When President Trump announced America’s withdrawal from the Iran nuclear deal two weeks ago, critics warned the move would undermine U.S. credibility just when it was needed most: on the eve of negotiations with North Korea over its nuclear-weapons and missile programs. If Mr. Trump was willing to rip up the Iran deal, which had won the blessing of the United Nations Security Council and America’s biggest allies, why would Kim Jong Un believe the U.S. would abide by any new agreement?
The counterargument from Trump loyalists was mainly to blame President Obama for failing to make the Iran deal binding.
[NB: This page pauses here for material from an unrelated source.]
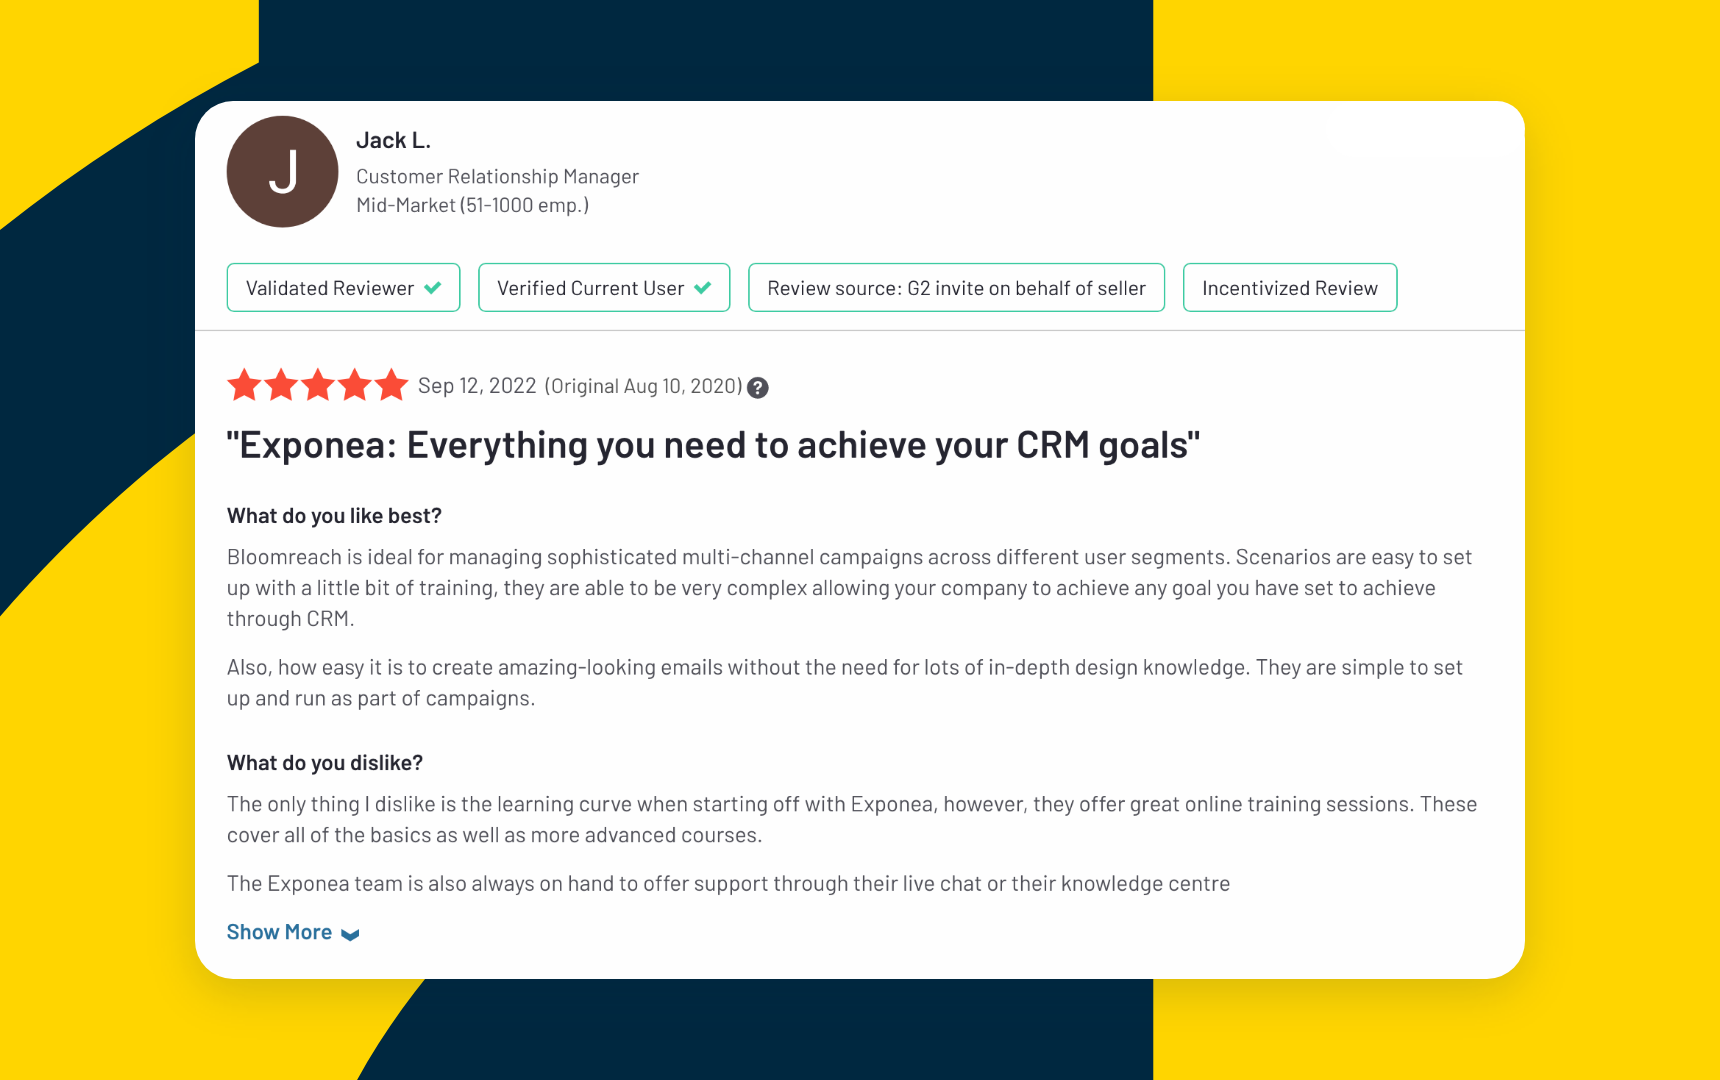 A review highlighting that Bloomreach is ideal for managing sophisticated multi-channel campaigns across different user segments.

If it had been ratified as a treaty by a two-thirds vote of the Senate, the agreement would have been harder to depart. But Mr. Obama evidently believed that ratification was unattainable, unnecessary to ensure his successors’ compliance, or both. But what is done by executive action can be undone by executive action. America’s credibility, therefore, wasn’t on the line—even if Mr. Obama’s might have been.
There’s some truth in this, but it misses a more basic point. Mr. Trump campaigned against the Iran deal not in principle, but because he saw its terms as bad for the U.S. Even if you disagree, taking his criticism seriously shows why the high-stakes negotiations with North Korea all but required Mr. Trump to dump the Iran deal. If he had kept it in place notwithstanding his power to withdraw, Mr. Kim could seize on its provisions as the starting point for the coming negotiations. Why would Mr. Kim accept a worse deal for North Korea than what Iran had obtained? Leaving one bad deal still active would have established the precedent for another bad deal.
The fundamental problem with the Iran deal is that while it buys time, which is good, it seems to do so in the hope that Tehran will have a change of heart over the 15-year course of the agreement. That fits with Mr. Obama’s oft-expressed vision of history bending in a liberal arc. But the premise seems highly dubious. Moreover, as negotiations were wrapping up, Mr. Obama seemed if anything more eager than Iran to conclude a deal. The flurry of American concessions at the end of the process raised suspicions that better terms might have been possible.
Hence the “four pillars” for a better agreement that French President Emmanuel Macron put forward last month during his visit to Washington: First, make the restrictions on Iran’s nuclear programs permanent. Second, add more-intrusive verification measures. Third, address Iran’s ballistic-missile program (on which the current deal is silent). Fourth, find a way to curb Iran’s regional adventurism, including in Syria.
What would the public think if a North Korea deal allowed Pyongyang to resume its nuclear program after 15 years? And included inspection procedures that were inadequate to verify compliance? And stood silent on North Korea’s rapidly advancing ballistic-missile program? And provided Mr. Kim with billions of dollars upfront in sanctions relief and other assistance? That would be a dubious deal by any light, and would certainly be bad by Mr. Trump’s terms.
Mr. Macron sought more time to negotiate new terms with Iran, and the U.S. might well have granted it before withdrawing—except for the press of events with North Korea. Mr. Trump needed to repudiate the deal before it became an impossible hindrance for his North Korea negotiators, starting with Secretary of State Mike Pompeo.
Many of Mr. Trump’s critics have demanded to know what comes next with Iran, as if war were the only alternative. It isn’t. In the first place, the deal remains ambiguously in place even without the U.S. Iran hasn’t withdrawn yet, and its nuclear activities so far don’t seem to exceed what might be called ordinary cheating. This ambiguity may be fairly stable, as Mr. Macron plays “good cop” to Mr. Trump’s “bad cop.” France continues to seek progress on the “four pillars,” with the inducement that Iranian concessions could draw the Americans back in.
More broadly, if Mr. Trump is right that he can obtain better terms from Mr. Kim, then a North Korea deal could become the template for a reworked Iran deal. In that sense the future of Iran’s nuclear program may run through Pyongyang.